All operations have a "difference between income and expense".

------
bobbles
The problem with medical pricing seems to be the same as pricing for students
and pricing for housing. When people can borrow the money or have it payed by
insurance, the prices skyrocket to match the available funds.

It completely screws anyone not 'in the game'.

Luckily medical costs are generally reasonable here in Australia, but we still
see crazily inflated housing prices due to residential property being treated
like a stock.

Huge tax incentives are given to those 'investing' in property while 'buy to
live' buyers like families get screwed.

Also, having your employer involved AT ALL with your medical insurance/bills
is fucking insane.

------
lsh123
The skyrocketing prices in healthcare and education have the same root
problem: too many non-essential people (read: clerks) are on the payroll (e.g.
search for "Dean-to-Professor ratio"). The government will not solve this
problem, it will make it worse.

I think the only real solution to the problem is to break both hospitals and
universities into smaller pieces with more direct correlation between
performed work and rewards. Right now gigantic organizations ("too big to
fail") in hospitals and universities make it impossible for staff members to
see how the money is spent. The smaller doctor offices can be more effective
and offer lower prices to patients. Same goes to smaller schools. This is one
of the examples where scale makes things worse, not better.

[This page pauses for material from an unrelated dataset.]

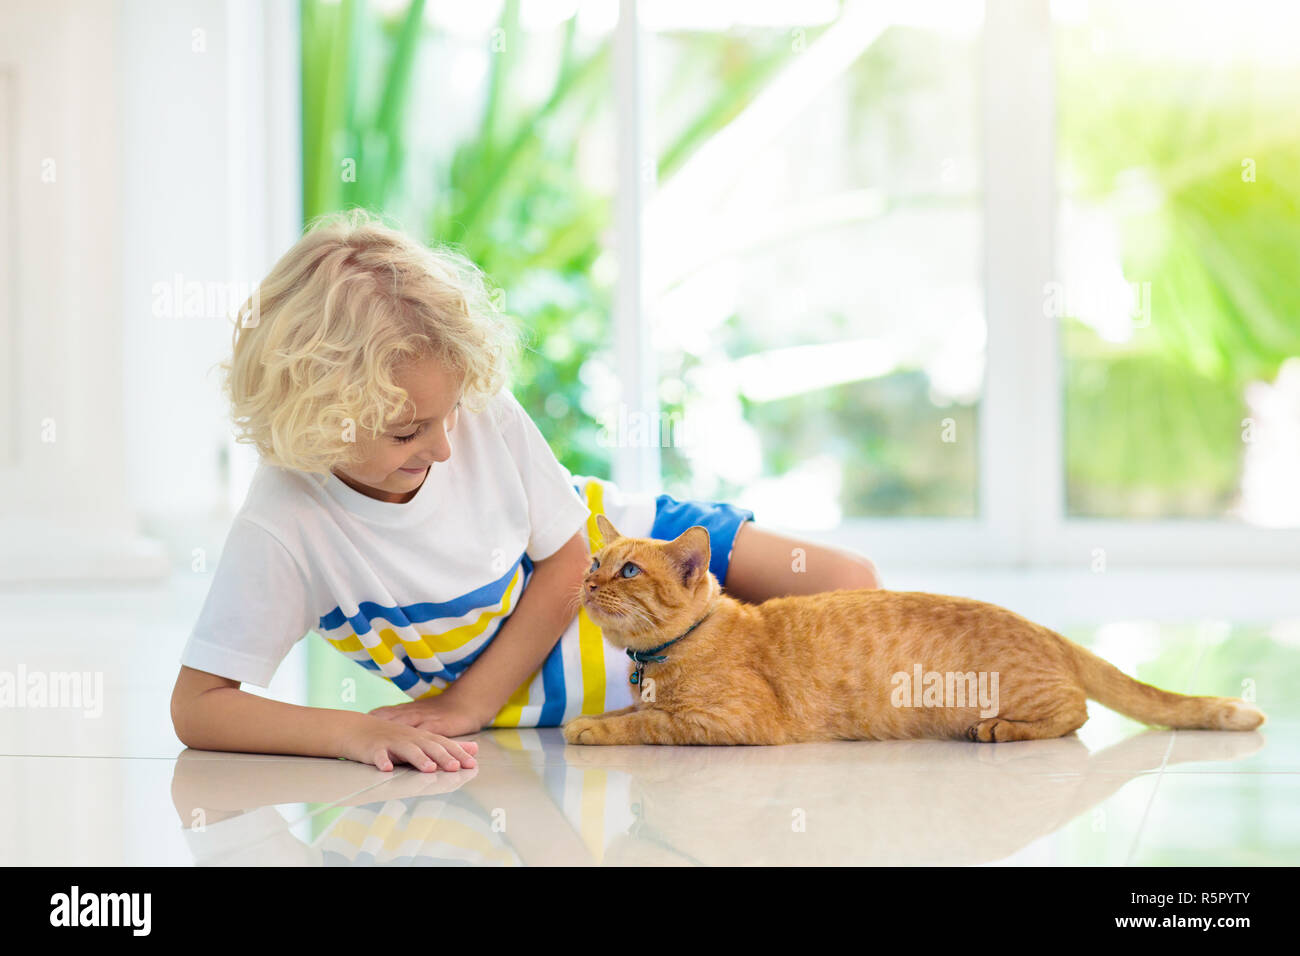 Child feeding cat at home. Kid and pet. Little blond curly boy playing with kitten in white kitchen at window. Domestic animals and pets for children. Stock Photo

Of course, you also have to have shared facilities with expensive equipment.
However, these facilities does not need to be a part of the
hospitals/universities. For example, there are already 3rd party labs that
provide services to hospitals and doctors. Same can be done for other
procedures (e.g. MRI) and this can also help to use equipment more
efficiently.

------
consultutah
There is such an easy "American" solution to this: published pricing -
[http://kfor.com/2013/07/08/okc-hospital-posting-surgery-
pric...](http://kfor.com/2013/07/08/okc-hospital-posting-surgery-prices-
online/)

When you organize your startup, just give me 10% for the idea... ;)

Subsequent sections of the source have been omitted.